_Data for this exercise:_
□ □ □

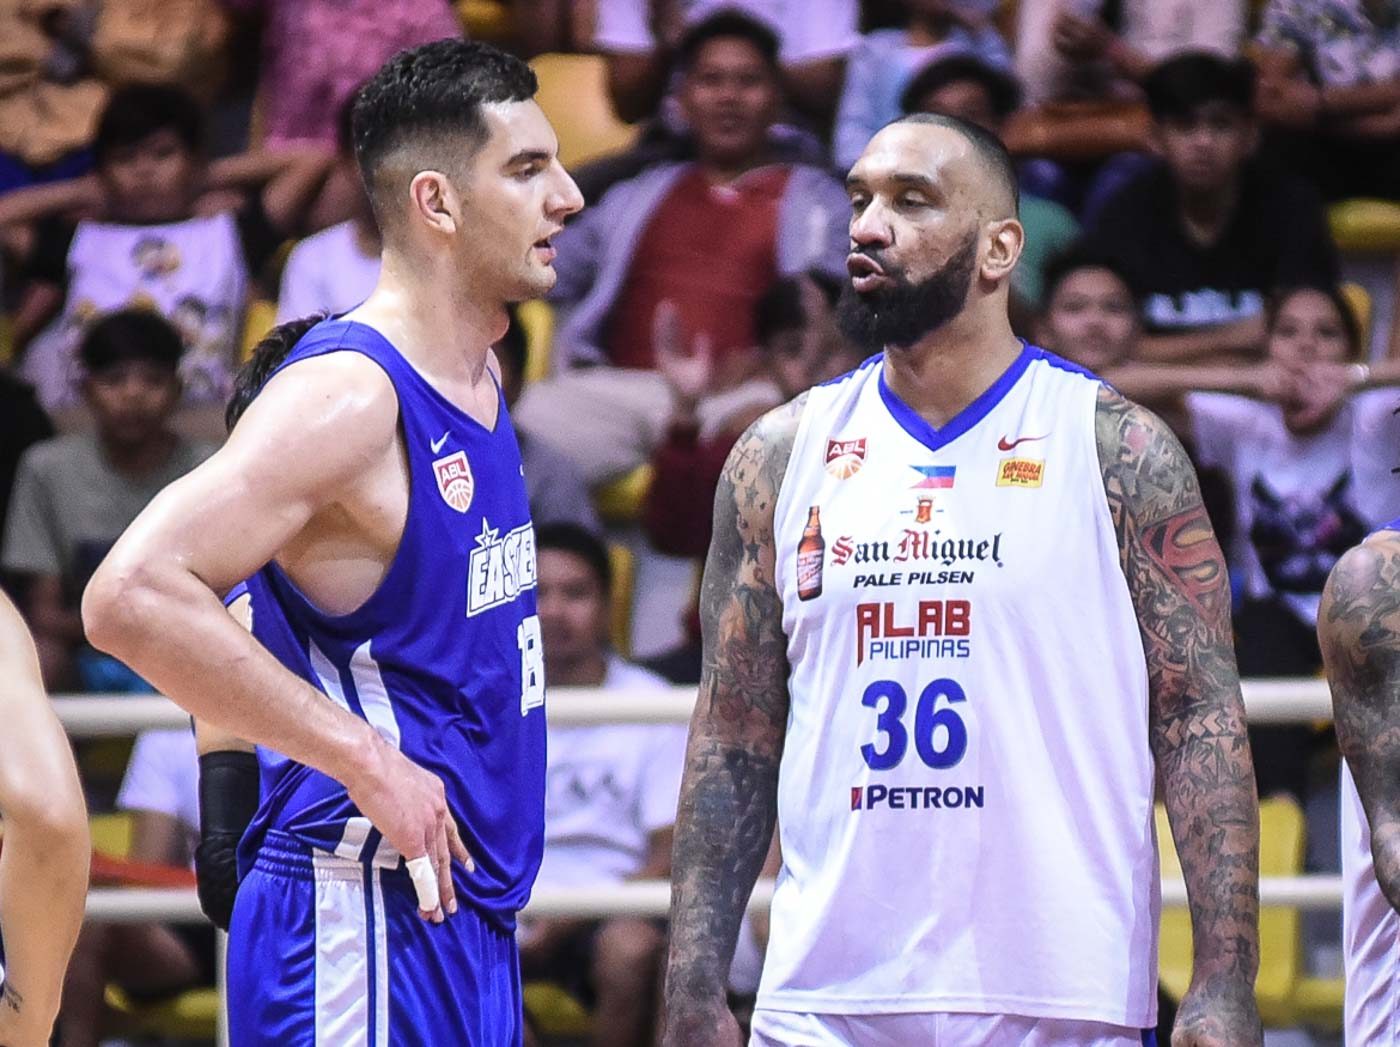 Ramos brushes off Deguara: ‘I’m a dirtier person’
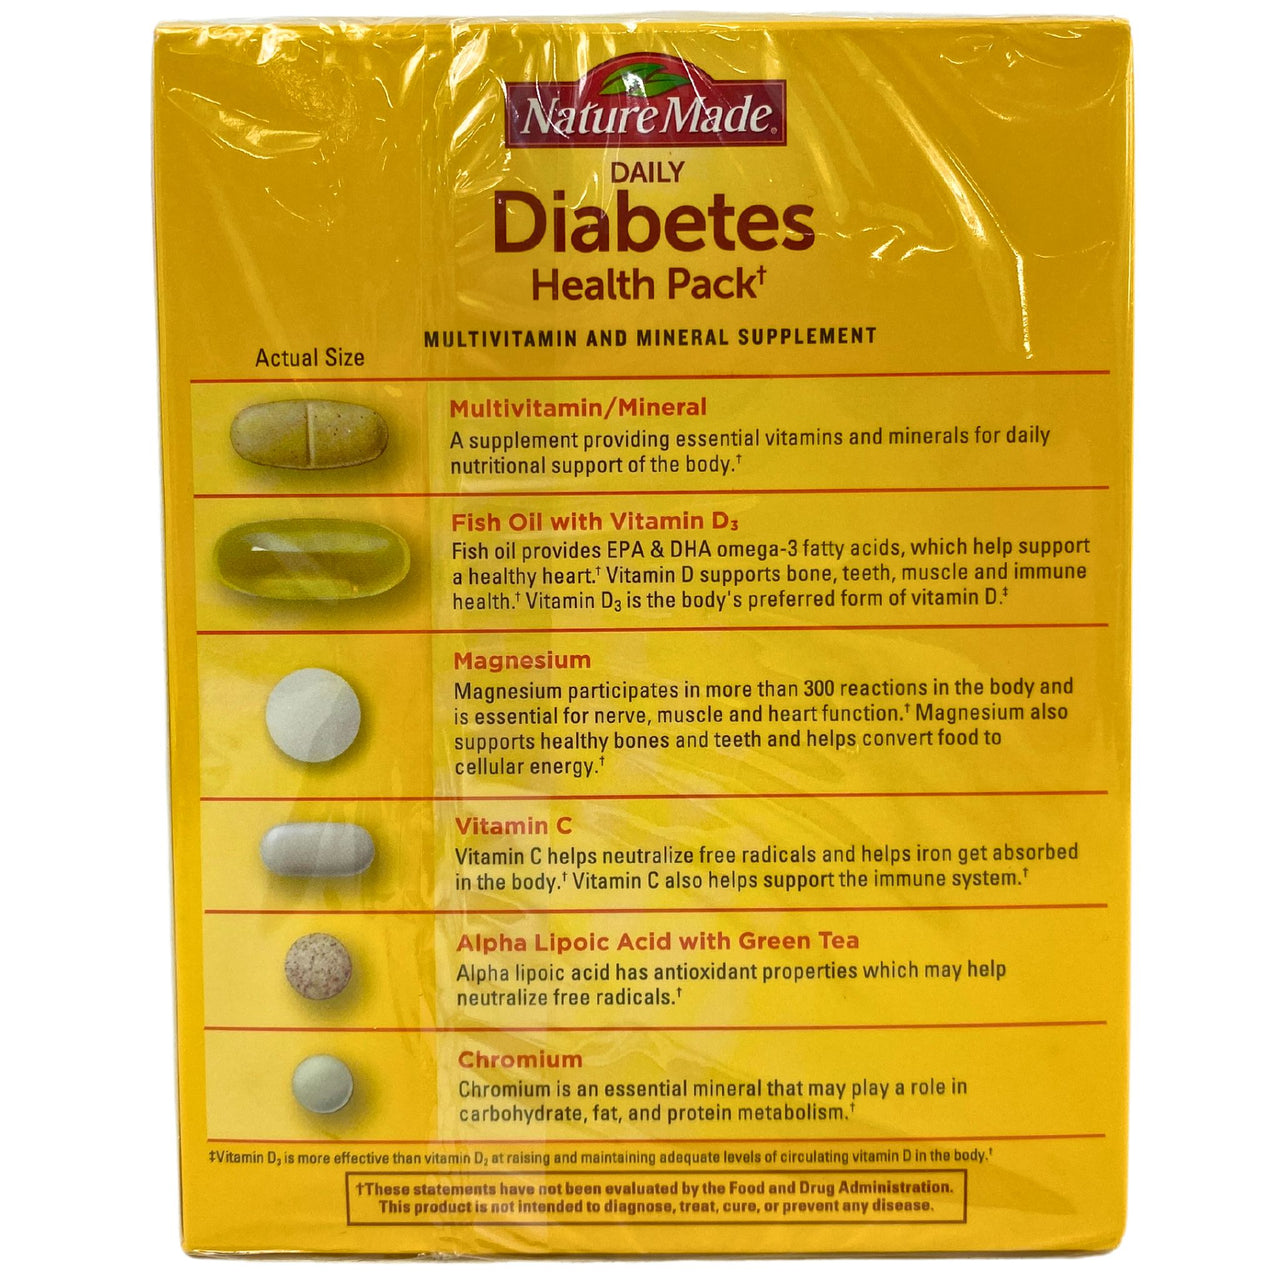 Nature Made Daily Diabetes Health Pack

□ □ □

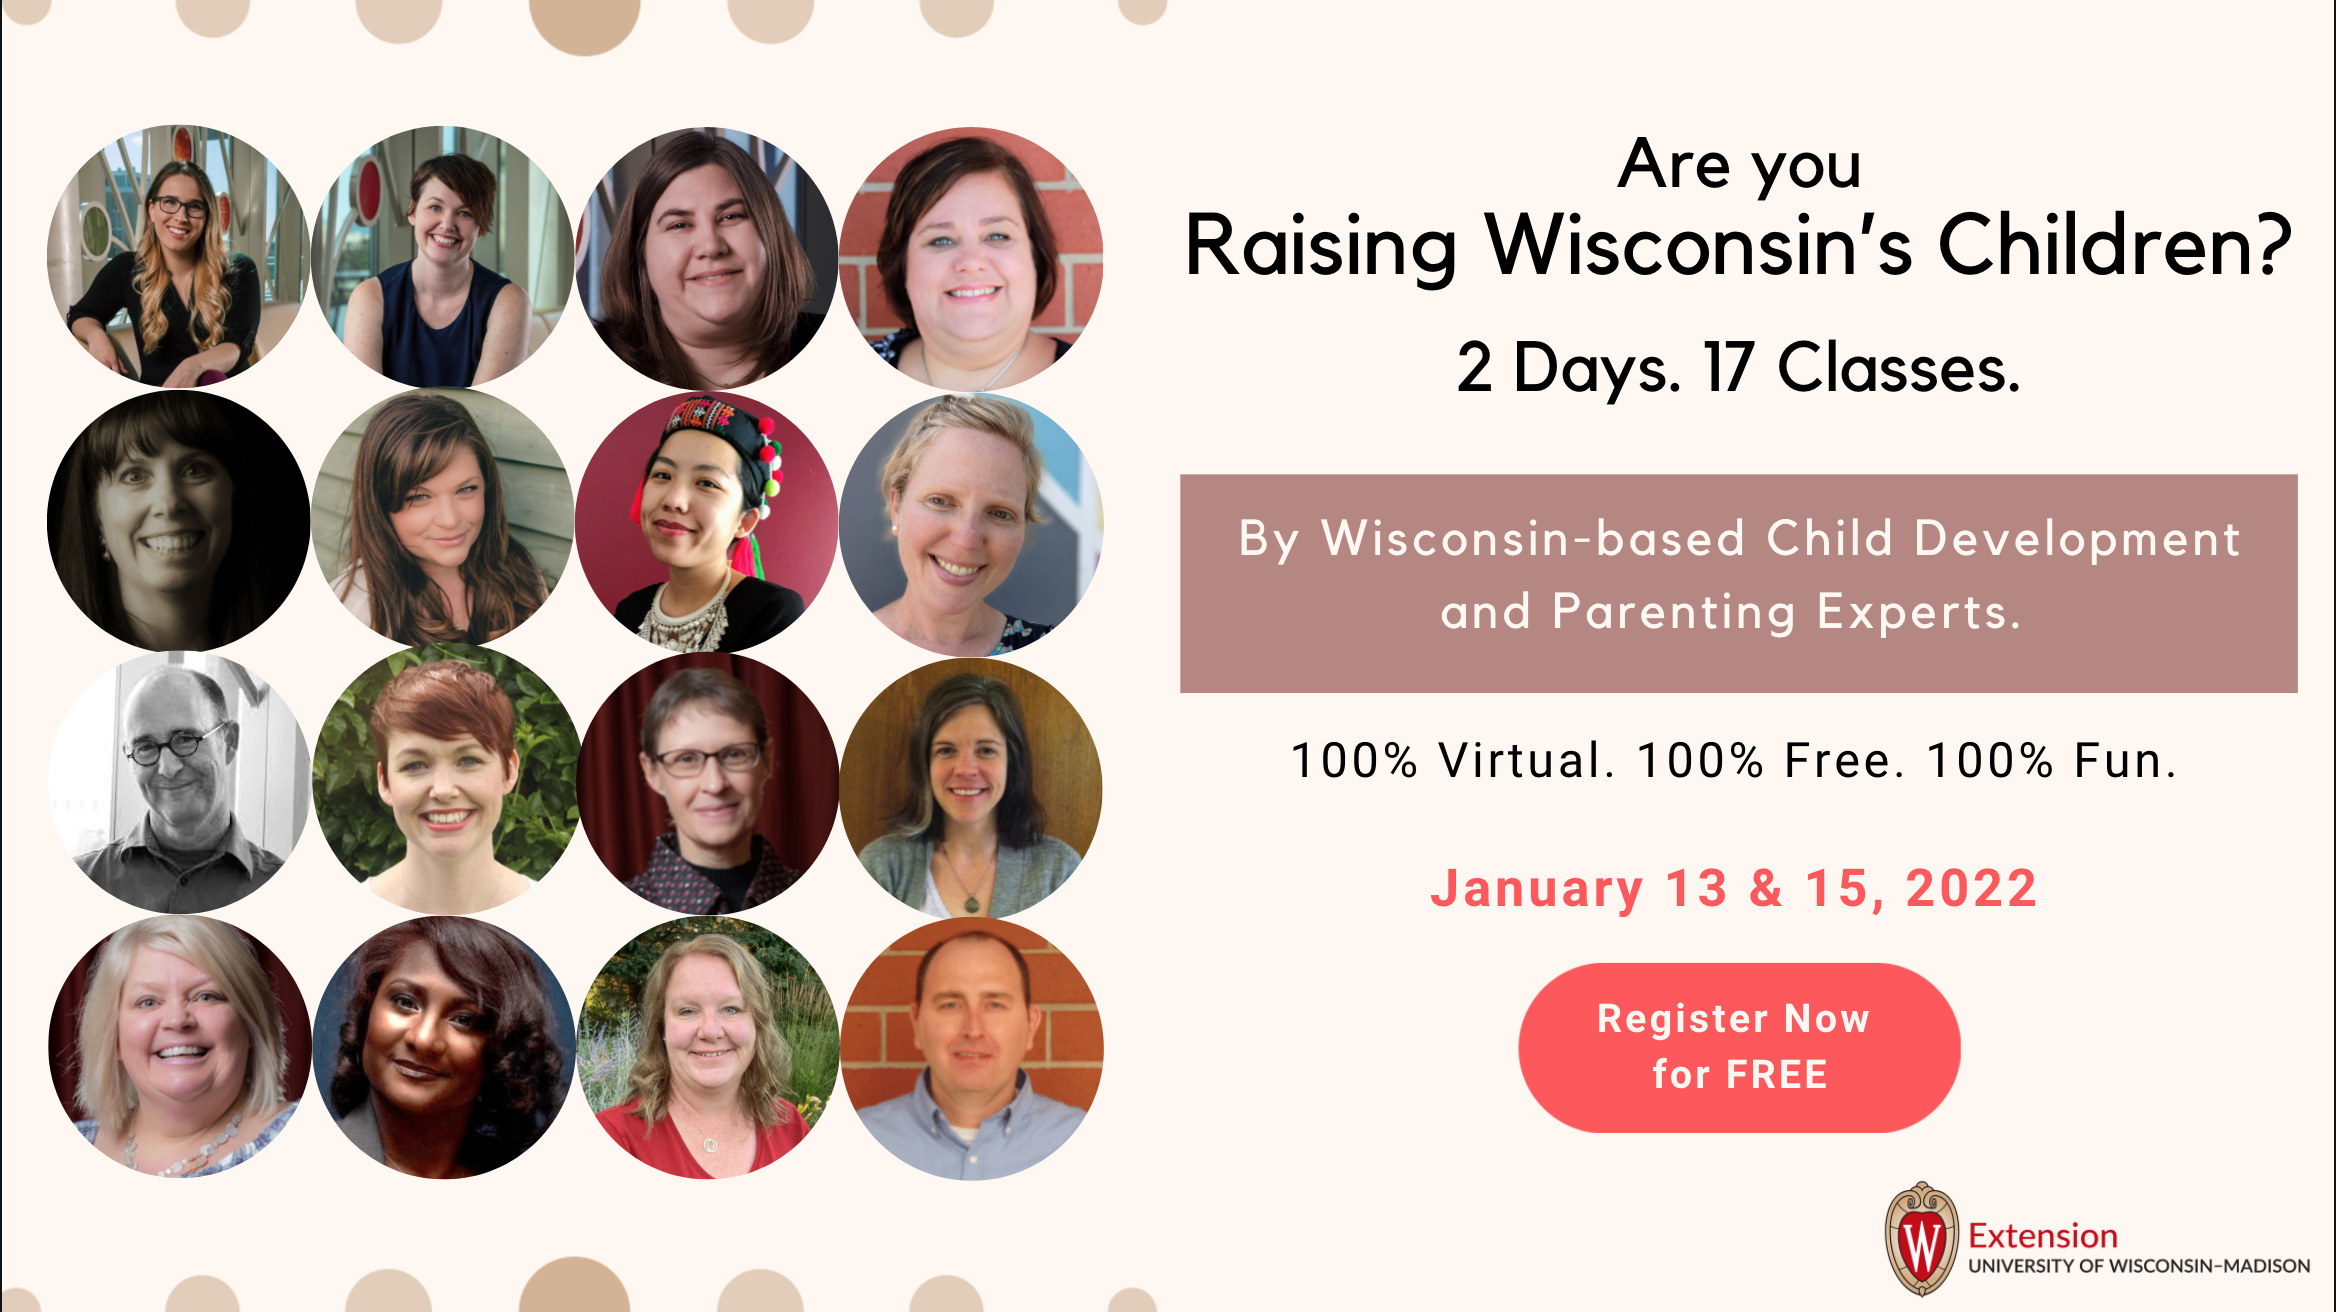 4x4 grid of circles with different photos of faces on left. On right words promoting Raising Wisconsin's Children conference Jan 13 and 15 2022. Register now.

□ □ □

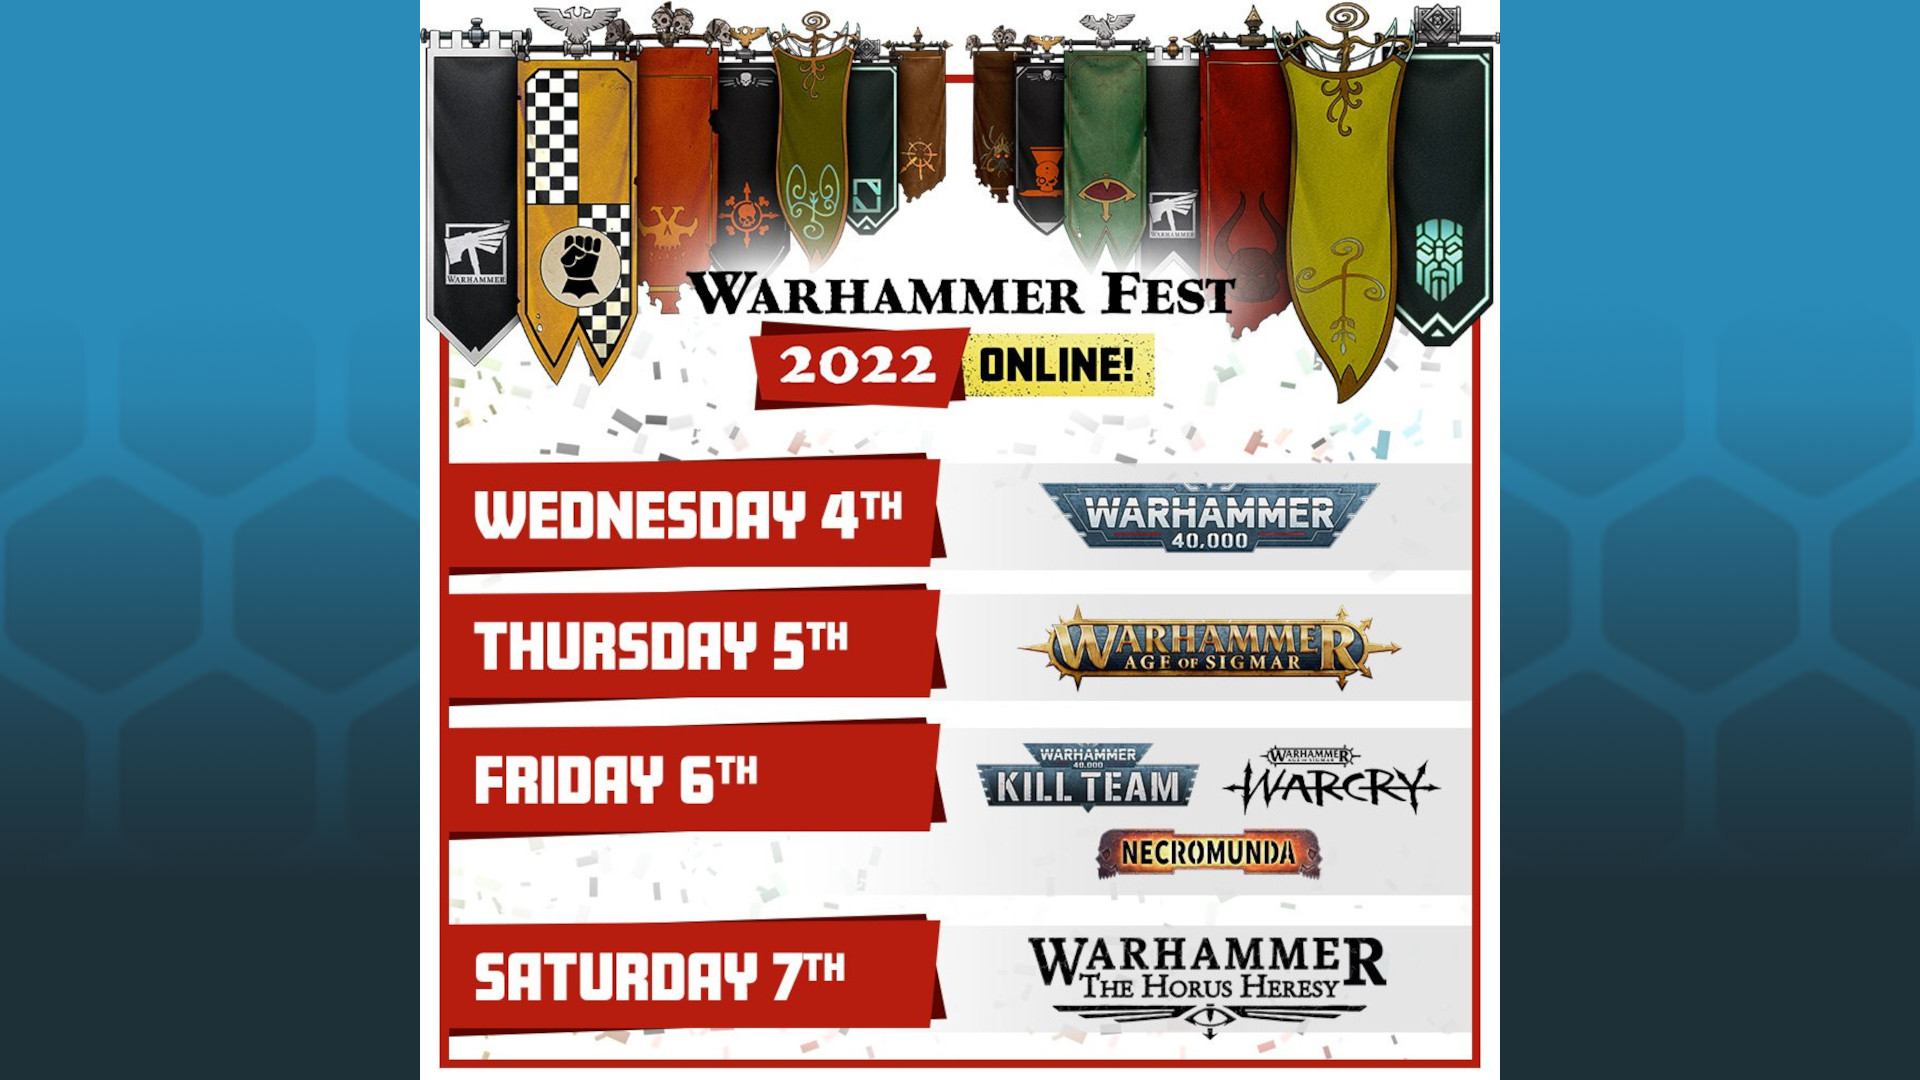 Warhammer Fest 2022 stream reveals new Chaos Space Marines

□ □ □

_Required action:_
Word for word, retype the lines in the entries above that run from the one with "Ramos brushes off" through the one with "Nature Made Daily Diabetes Health Pack". Both ends count; pictures do not.

_Result of this task:_
 Ramos brushes off Deguara: ‘I’m a dirtier person’
 Nature Made Daily Diabetes Health Pack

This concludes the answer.